*THE DATA*:
_ _ _ _ _ _ _
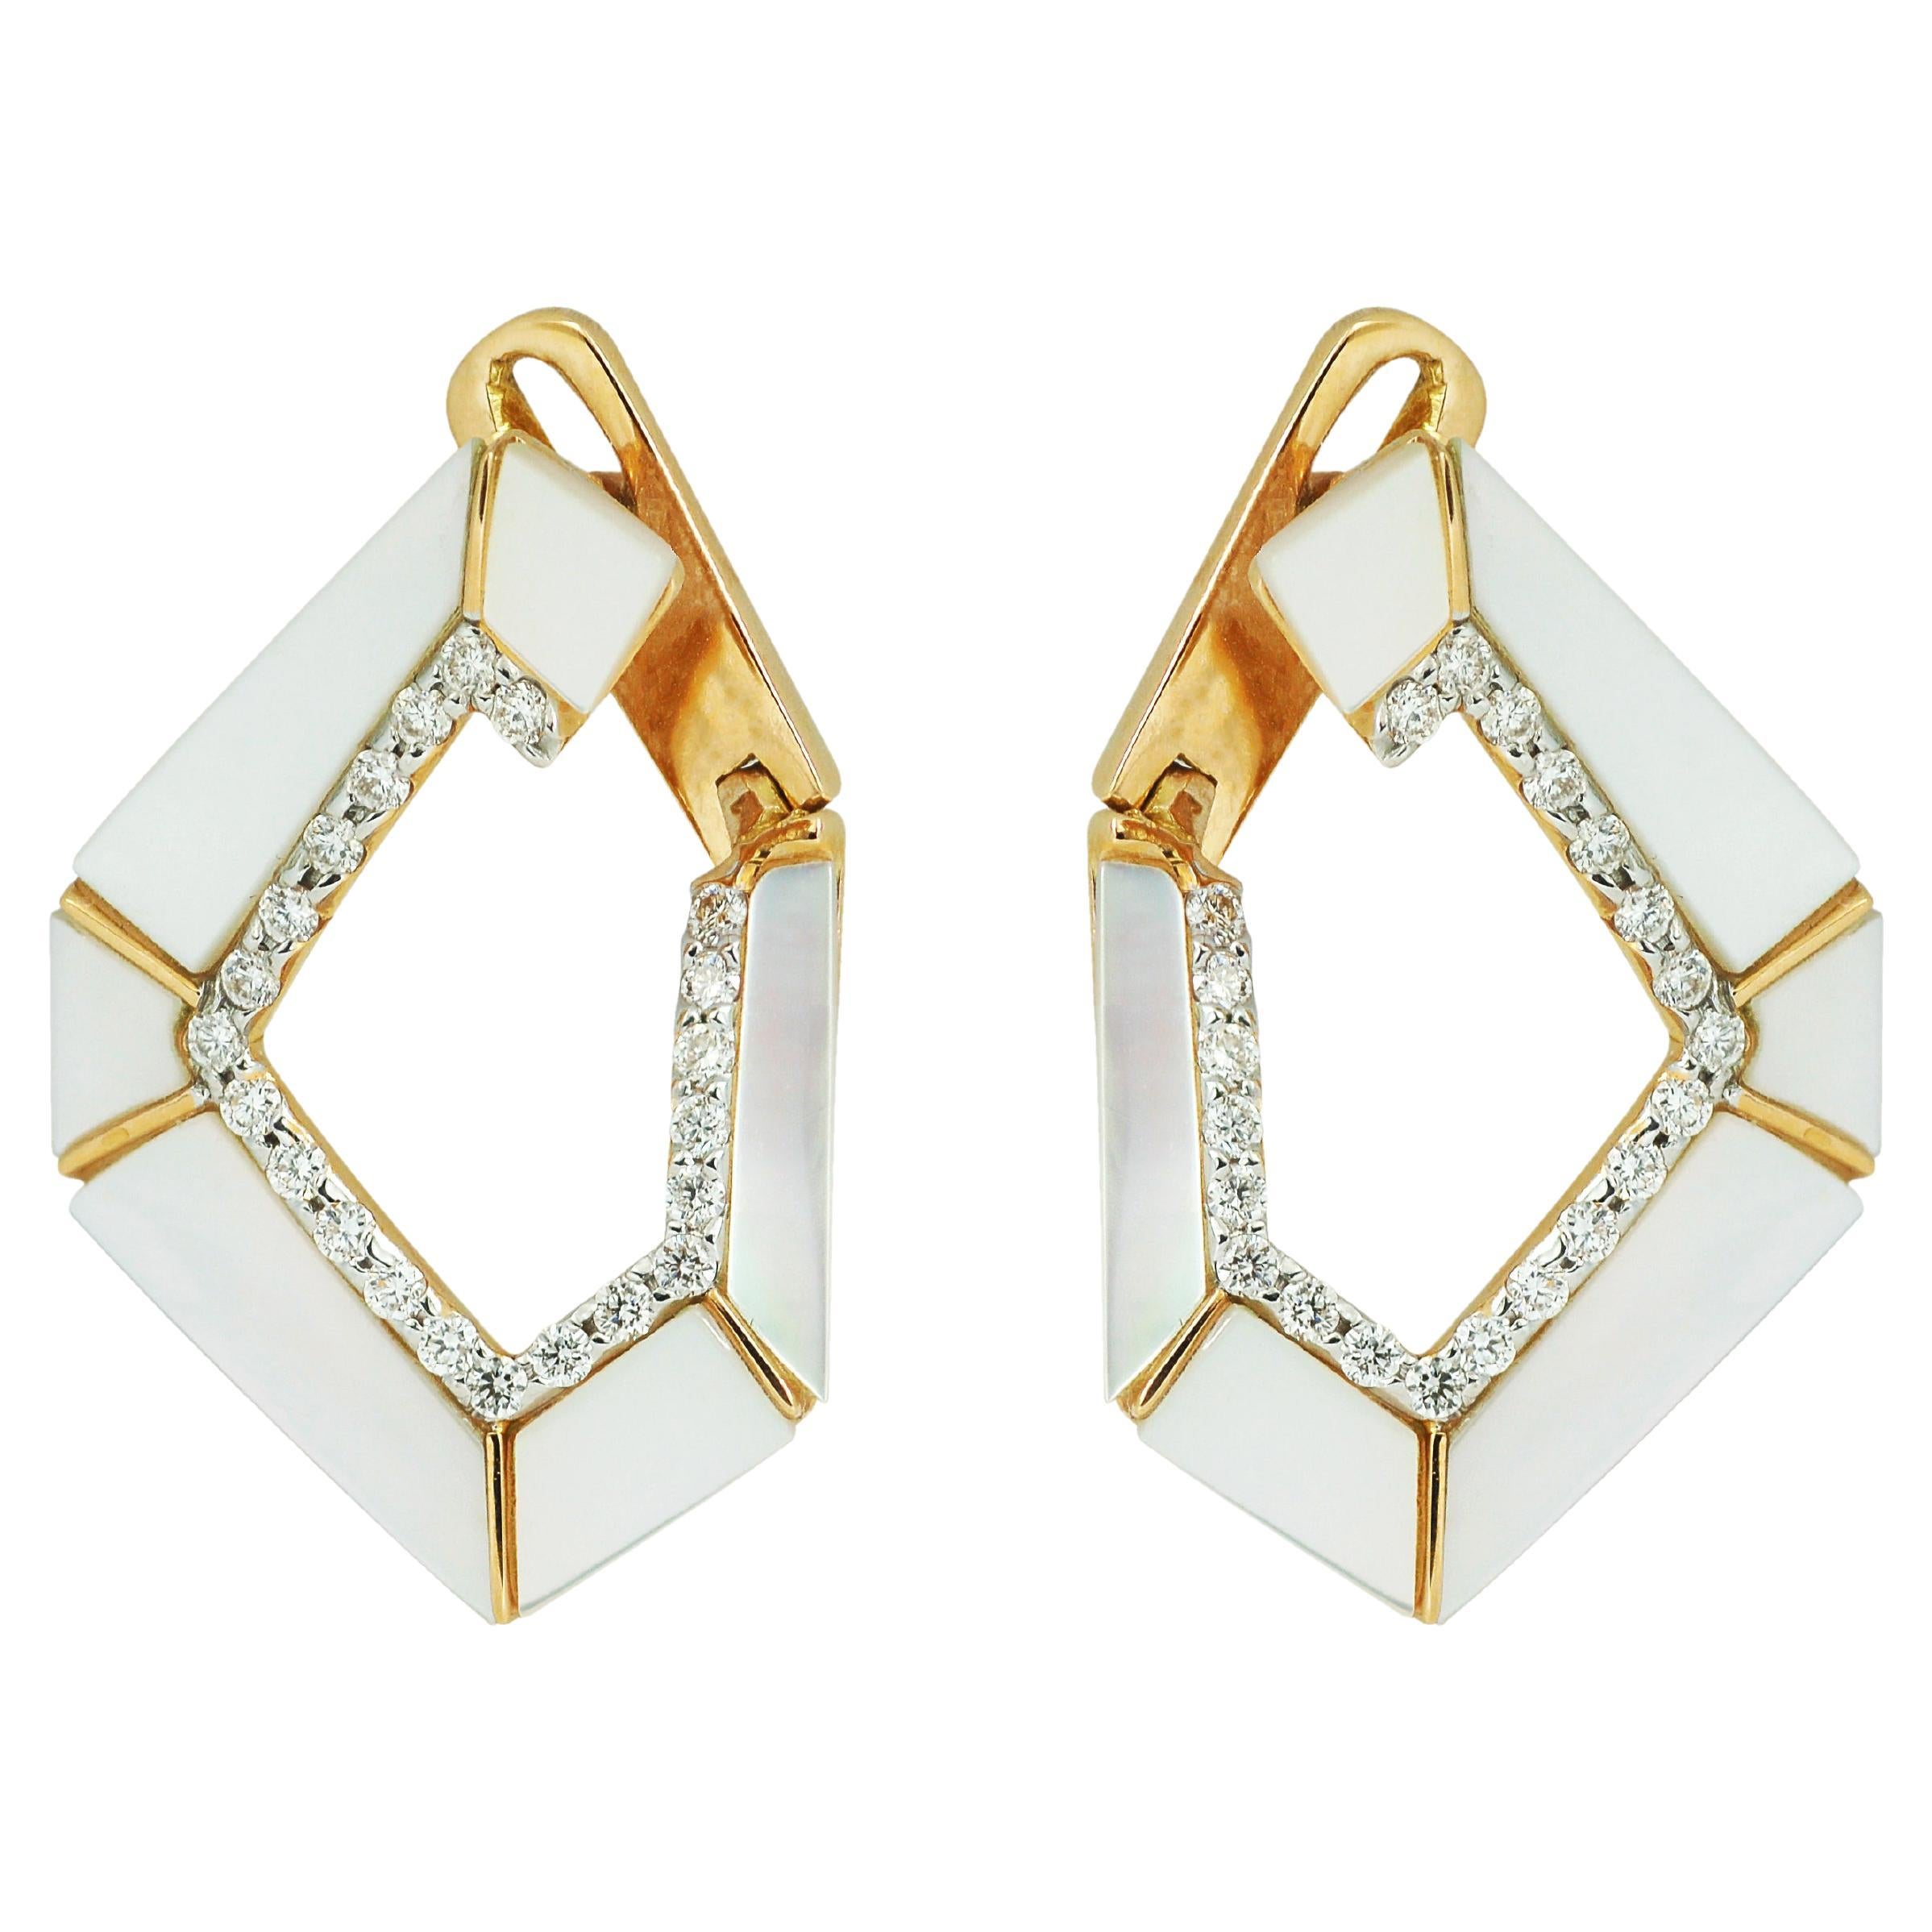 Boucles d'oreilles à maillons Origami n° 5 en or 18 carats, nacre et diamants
_ _ _ _ _ _ _
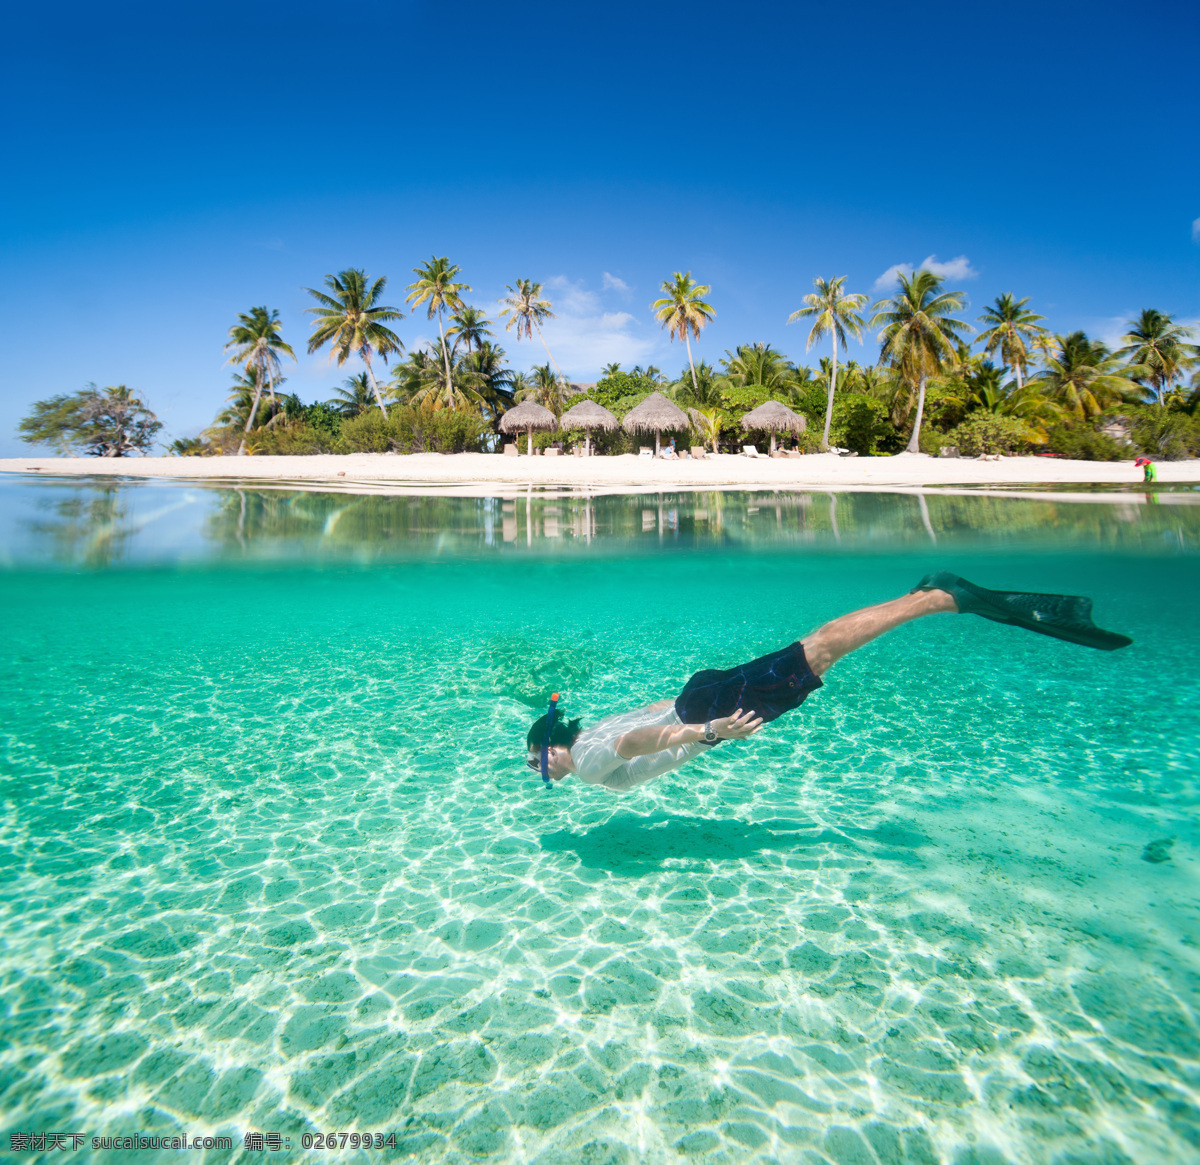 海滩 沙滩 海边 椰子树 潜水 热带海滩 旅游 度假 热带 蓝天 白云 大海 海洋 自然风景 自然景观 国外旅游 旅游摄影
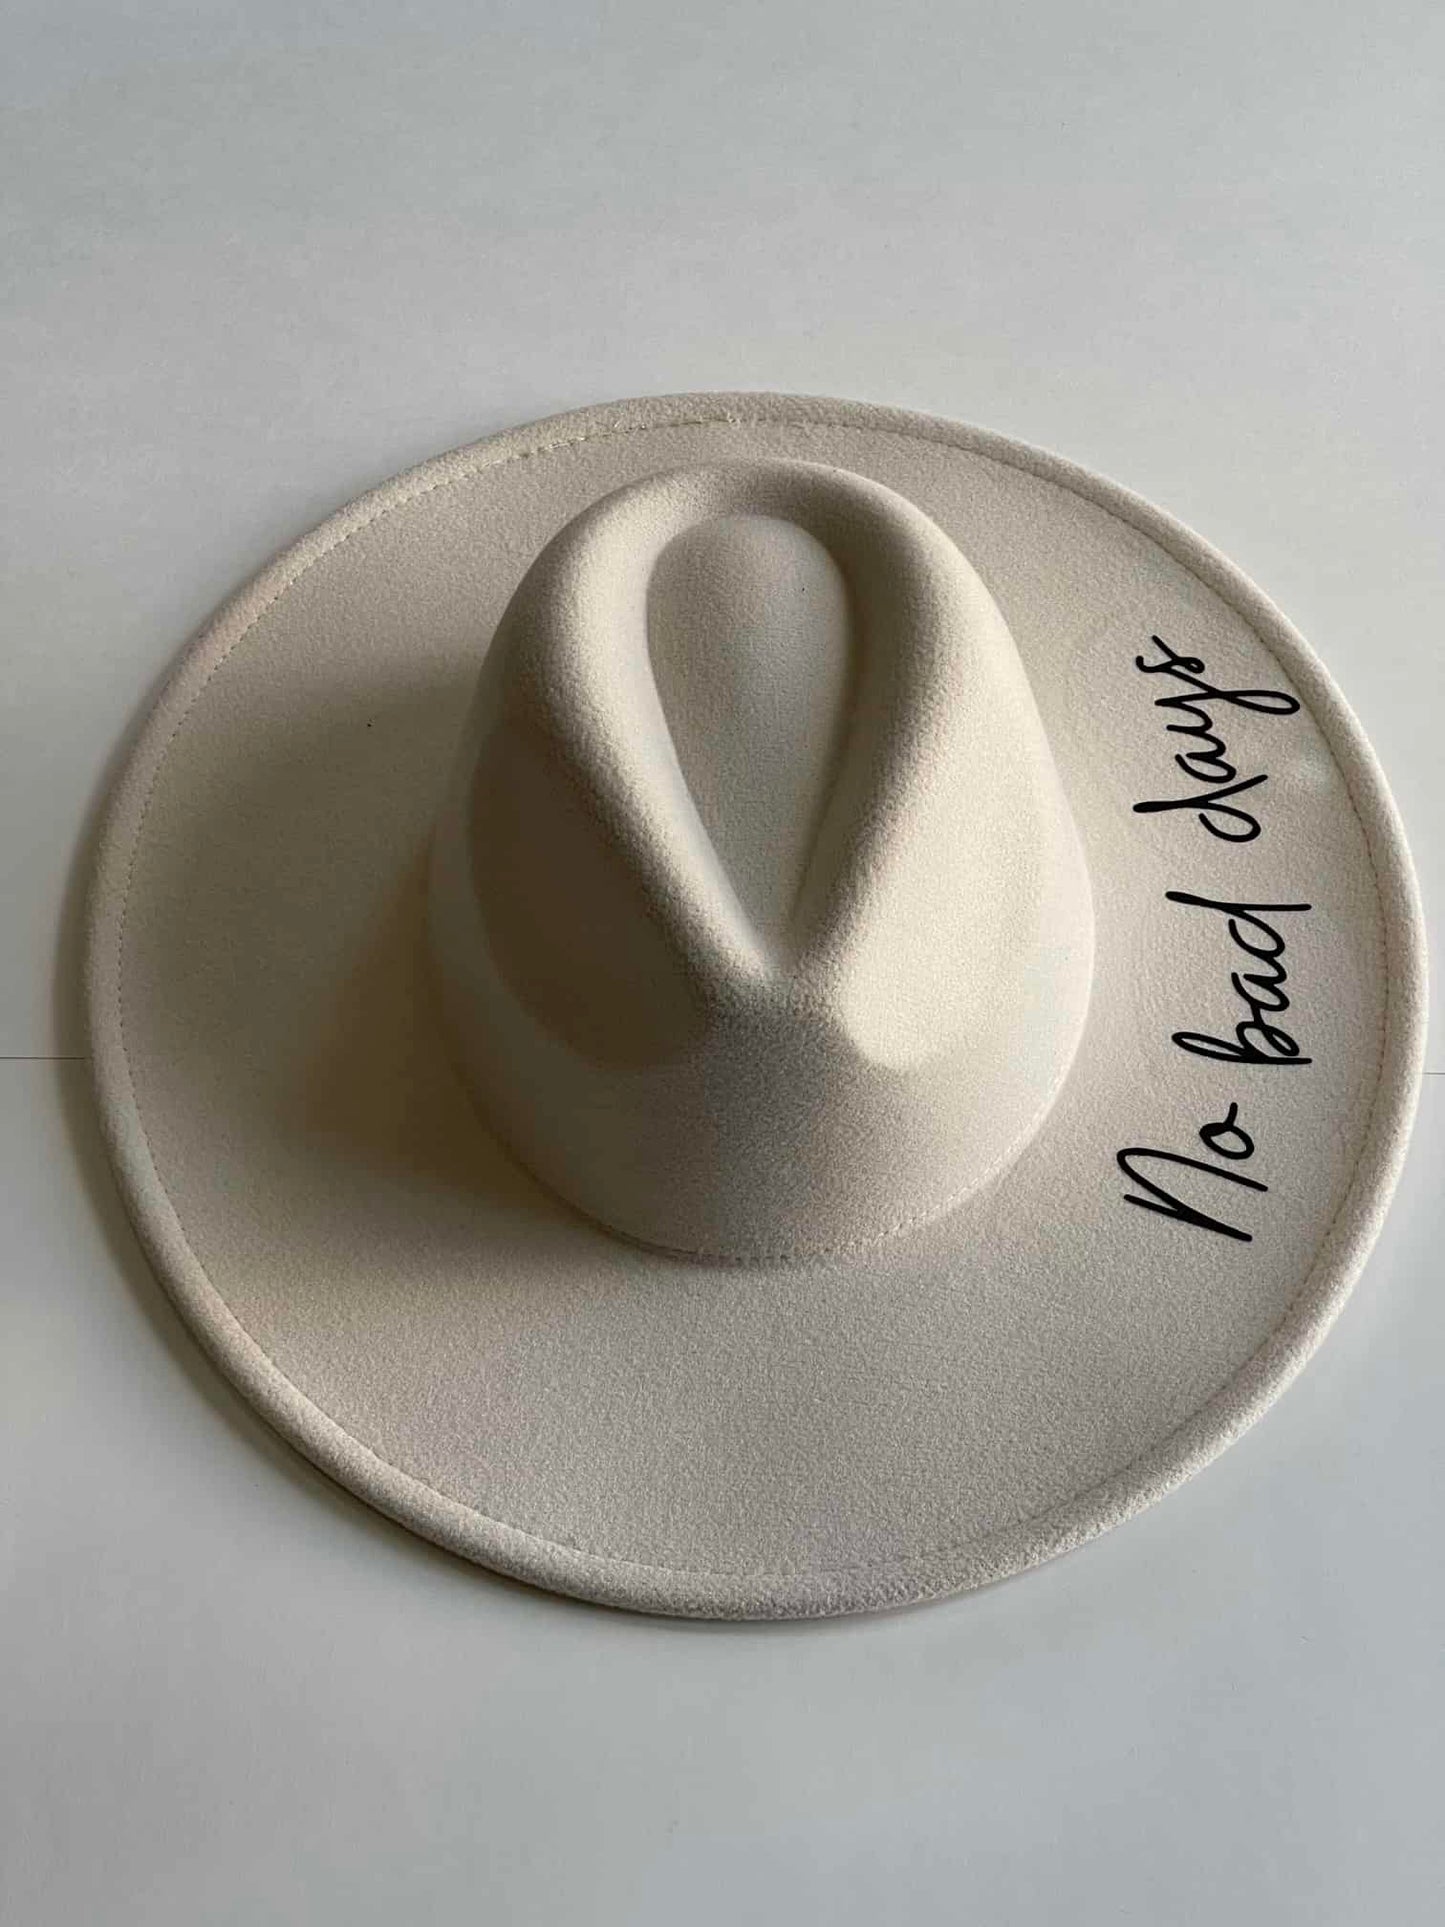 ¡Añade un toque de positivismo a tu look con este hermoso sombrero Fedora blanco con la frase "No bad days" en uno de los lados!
_ _ _ _ _ _ _
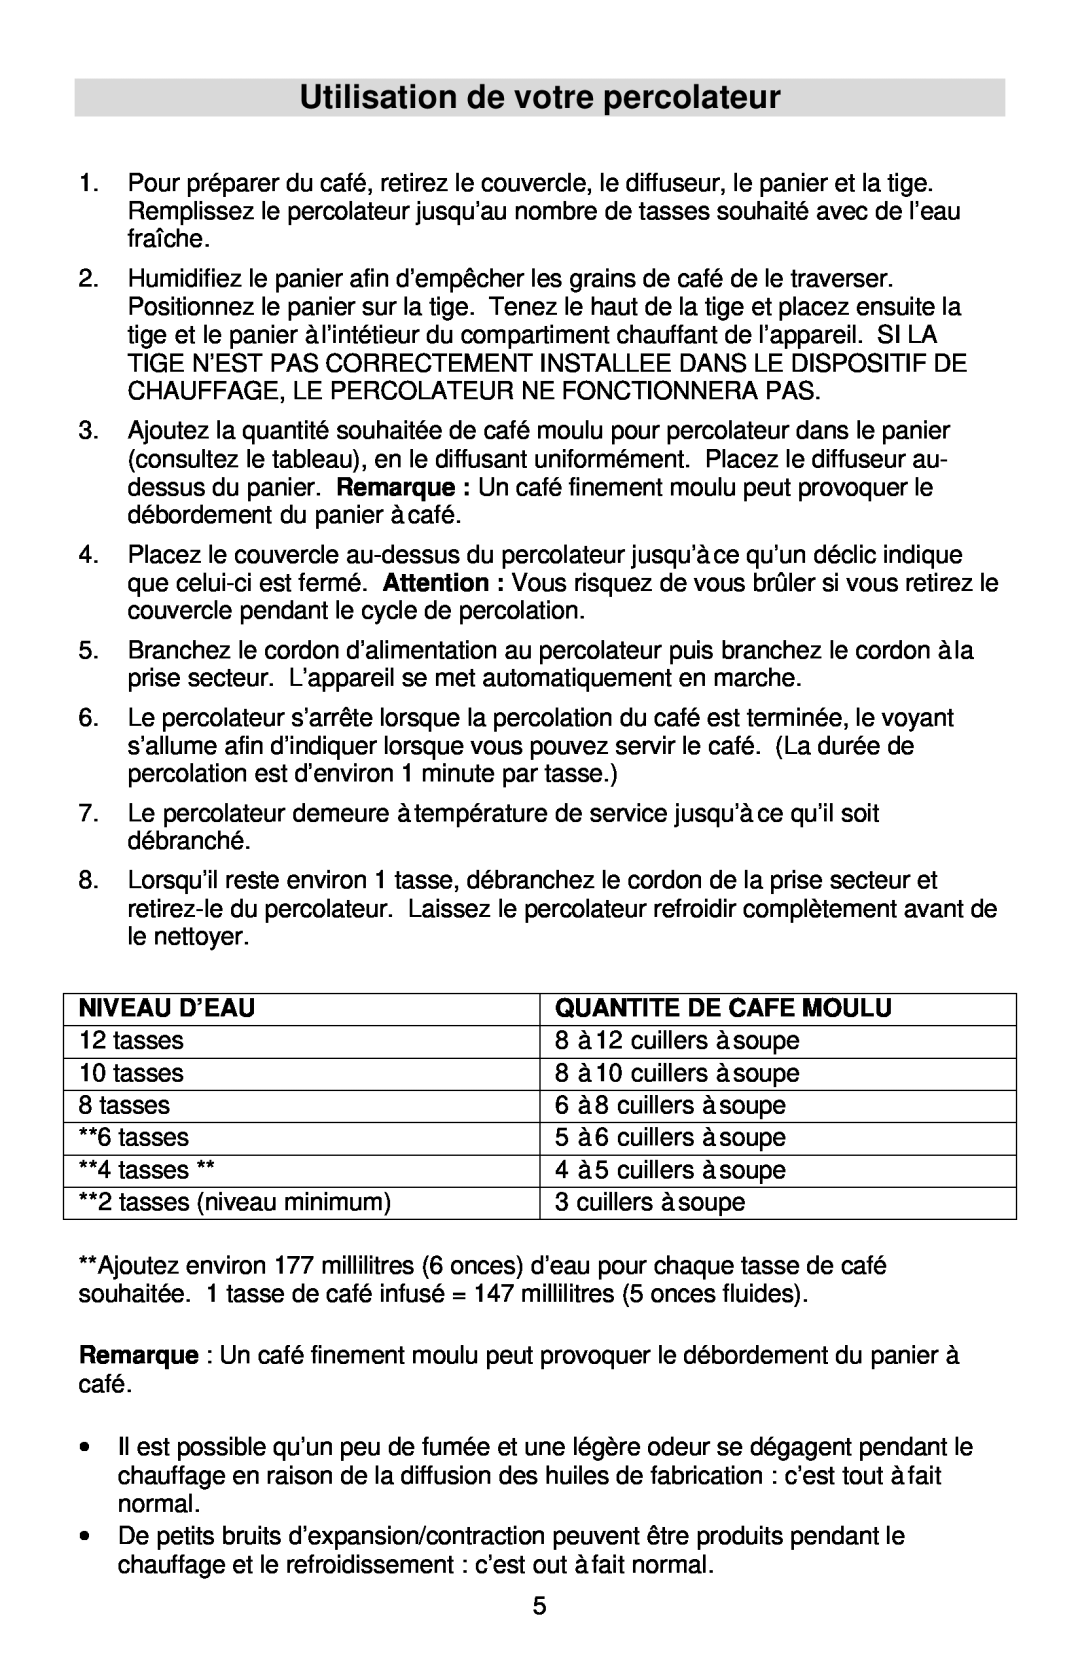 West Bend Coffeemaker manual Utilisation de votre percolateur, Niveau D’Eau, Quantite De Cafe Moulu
_ _ _ _ _ _ _
Among the lines above, the one with "海滩 沙滩 海边 椰子树" opens the part to repeat and the one with "de los lados!" closes it; repeat only that part exactly, with no pictures.

 海滩 沙滩 海边 椰子树 潜水 热带海滩 旅游 度假 热带 蓝天 白云 大海 海洋 自然风景 自然景观 国外旅游 旅游摄影
 ¡Añade un toque de positivismo a tu look con este hermoso sombrero Fedora blanco con la frase "No bad days" en uno de los lados!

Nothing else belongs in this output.